Each experiment session began with the informed consent process. Then, each participant watched a tutorial video about how to interact with the system to solve an SQL task and fix NL2SQL errors under different conditions. Then, each participant was given a total of 45 minutes to solve as many SQL tasks as possible. On average, each participant completed 22.0 SQL tasks in 45 minutes (5.5 in each condition). After each experiment session, the participant completed a post-study questionnaire. This questionnaire asked participants to rate their overall experience, the usefulness of interactive tool support under different conditions, and their preferences in Likert scale questions. We ended each experiment session with a 10-minute semi-structured interview. In the interview, we asked follow-up questions about their responses to the post-study questionnaire, if they encountered any difficulties with interaction mechanisms under the conditions, and which parts they found useful. We also asked participants about the general workflow as they approached the task and the features they wished they had when handling NL2SQL errors. All user study sessions were video recorded with the consent of the participants.

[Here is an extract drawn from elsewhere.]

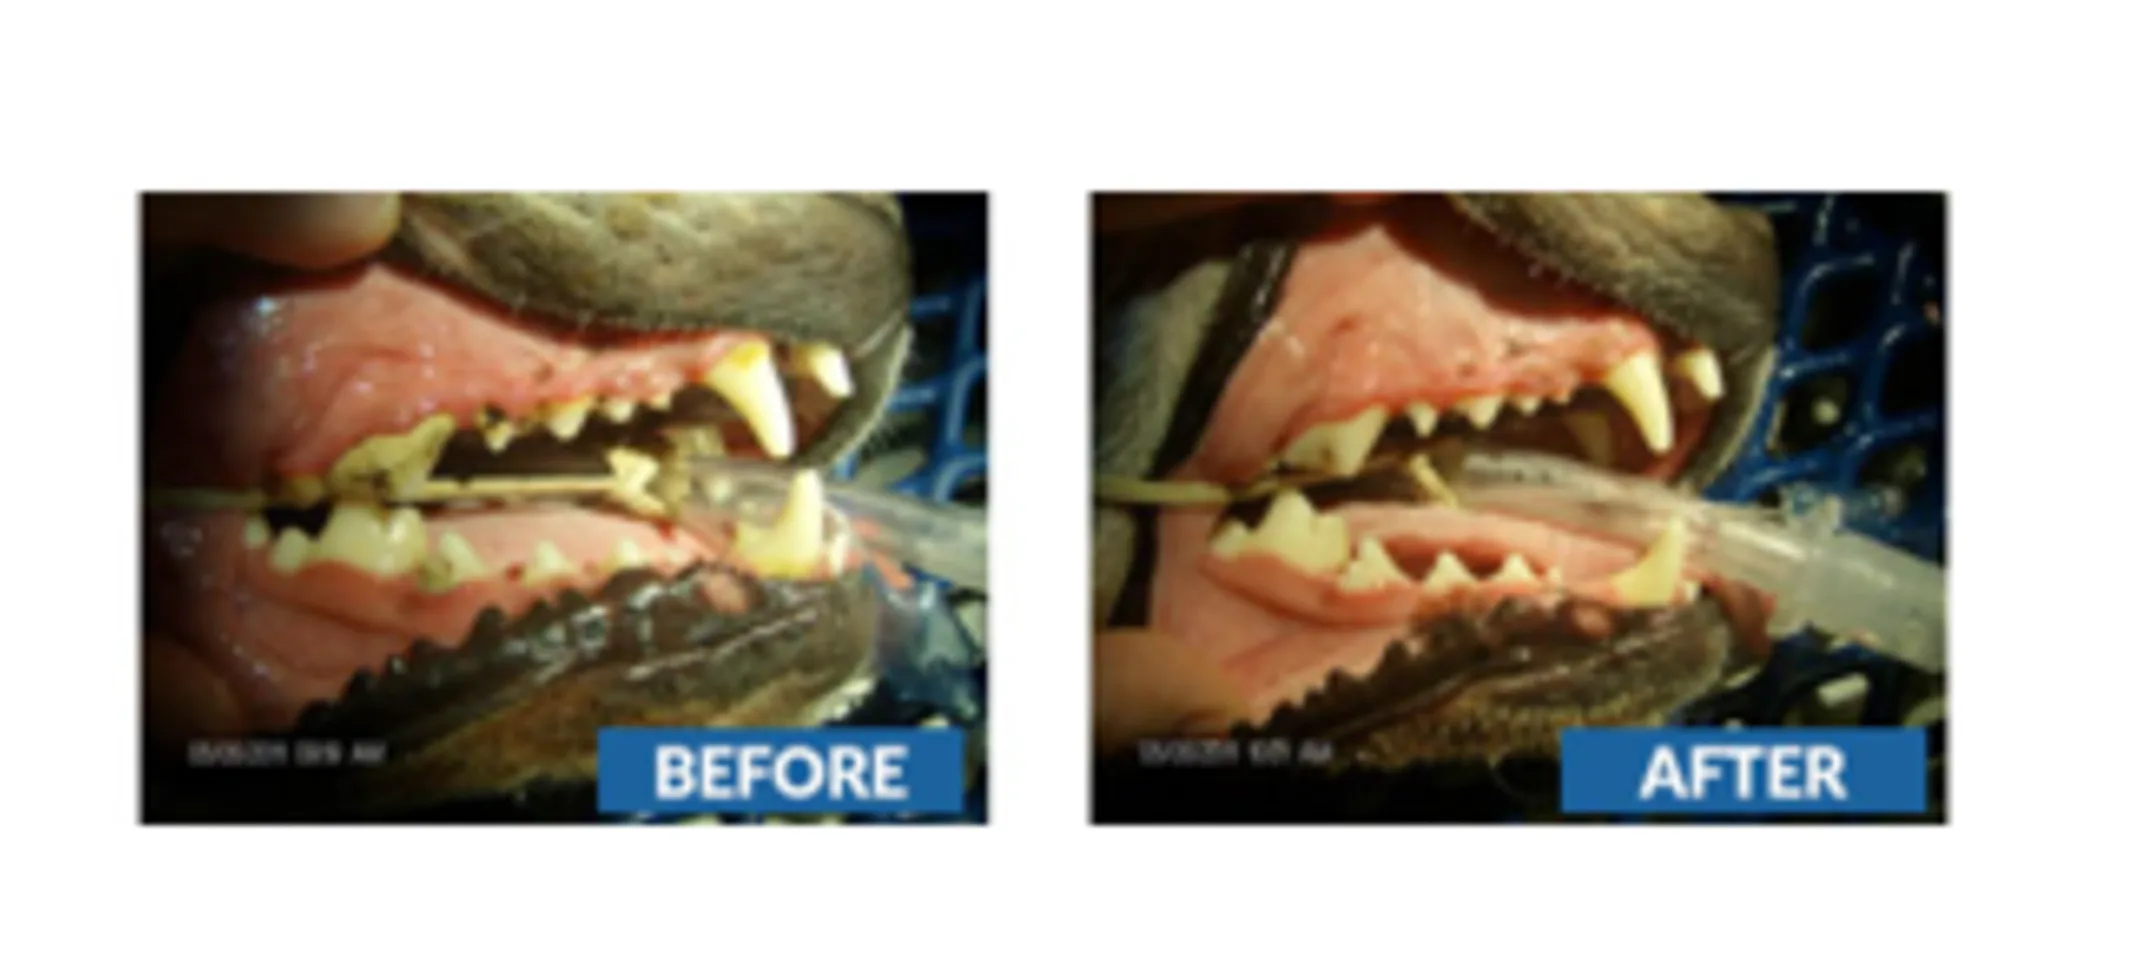 Canine Teeth view of before and after dental work.

Following established open coding methods [11, 36], an author conducted a thematic analysis of the interview transcripts to identify common themes about user experiences and challenges they encountered while using the different error handling mechanisms, as well as their suggestions for new features. Specifically, the coder went through and coded the transcripts of the interview sessions using an inductive approach. For user quotes that did not include straightforward key terms, the coder assigned researcher-denoted concepts as the code.

5.4 Data Collection

For each SQL task, we collected three types of data from the participant: (1) the updated SQL query after their repair; (2) the starting and ending time; (3) the user’s interaction log with the error handling mechanism (e.g., clicking to view the sampled table, opening the drop-down menu, and interacting with the chatbot).

We cleaned up the data from the participants through the following steps. First, we filtered out the queries that were skipped by the participants (i.e., the user clicking on “Next” without making any changes to the query), which consisted of less than 10% of the total data. Second, if the participant did not utilize the interaction mechanism associated with the experimental condition at all (e.g., the user inspected the query without using any assistance and modified the query manually), the task was deemed to be solved using the baseline method.

5.5 Results

In this section, we report the key findings on the efficiency, effectiveness, and usability of different error handling mechanisms and their user experiences. For each condition in a statistical test, the data is sampled evenly and randomly.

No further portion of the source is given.